In mammals, the SynE homologues, syntaxin 13 and syntaxin 7, are localized at the early endosome or late endosome/lysosome, respectively (33). In Saccharomyces cerevisiae, the syntaxin Pep12p acts at the prevacuolar compartment (PVC), whereas Vam3p acts at the vacuole (34). In Arabidopsis thaliana, AtPep12 (Syp21) acts at the PVC, whereas AtVam3 (Syp22) is localized at both the PVC and vacuole (35). Previous phylogenetic analyses showed that early and late endosomal syntaxins cluster in a single clade (21, 36). This topology distinguished the SynE subfamily from other endocytically associated syntaxins, such as Tlg2/Syntaxin 16, involved in post-Golgi transport, and marks SynE as one of five major syntaxin subfamilies that evolved before the LCEA.
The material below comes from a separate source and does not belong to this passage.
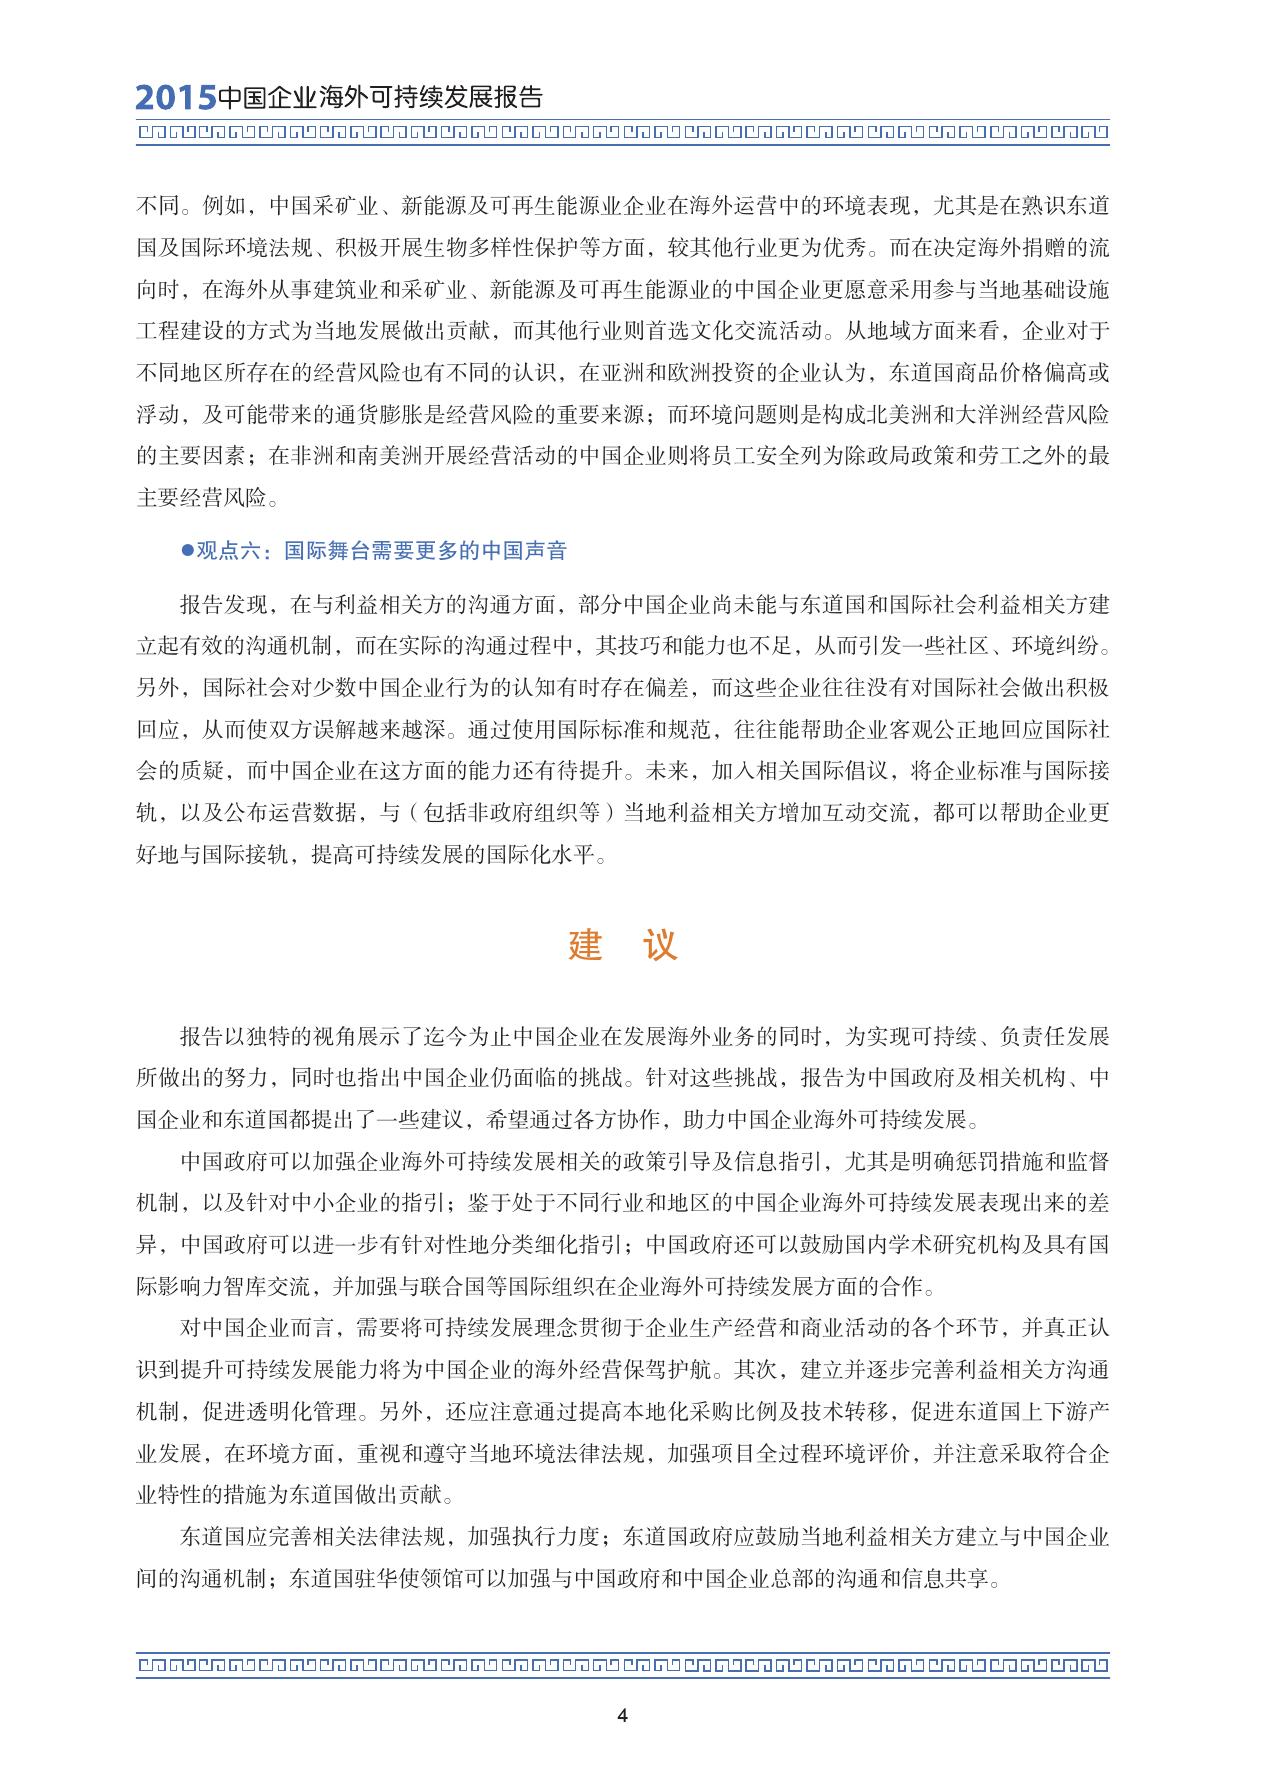 2015中国企业海外可持续发展报告_000007

We sampled representative genomes from the five available eukaryotic supergroups (26) to obtain clear SynE homologues. Initial analysis to identify and remove long-branch sequences (SI Fig. 7) yielded a dataset that was then analyzed by four separate phylogenetic methods (Fig. 1). Surprisingly, SynE paralogues failed to resolve into organelle-specific clades but rather grouped into lineage-specific clades. For example, all flowering plant SynE homologues, including both Syp21 and 22, grouped together with the single green algal sequence as the immediate outgroup. In animals, syntaxins 13 and 7 are clearly the product of a duplication that took place after the proterostome/deuterostome divergence, i.e., entirely independently of the flowering plant duplications. The rest of the tree was poorly resolved. Nonetheless, at least two independent duplications of SynE, subsequent to the diversification of the major eukaryotic lineages but relatively early in each group, must have occurred.
Fig. 1.
Phylogenetic analysis of SynE genes with long-branch taxa removed, showing lineage-specific duplications in vertebrates and flowering plants. The inner box illustrates the timing of the duplication in those clades, whereas the outer box shows the well resolved preduplicates supporting that duplication. Nodes supporting clades of note are bolded. In this and subsequent phylogeny figures, node support values are given in the order of Bayesian posterior probabilities, PhyML bootstrap percentages, ML distance-corrected bootstrap percentages, and RaxML bootstrap percentages. Values are given for all nodes supported by >0.80 PP and >50% bootstrap support in two of three other methods. A star denotes a node supported by >0.95 posterior probability and >95% bootstrap support in two of three other methods. The − illustrates that the clade of interest was not reconstructed by the relevant method.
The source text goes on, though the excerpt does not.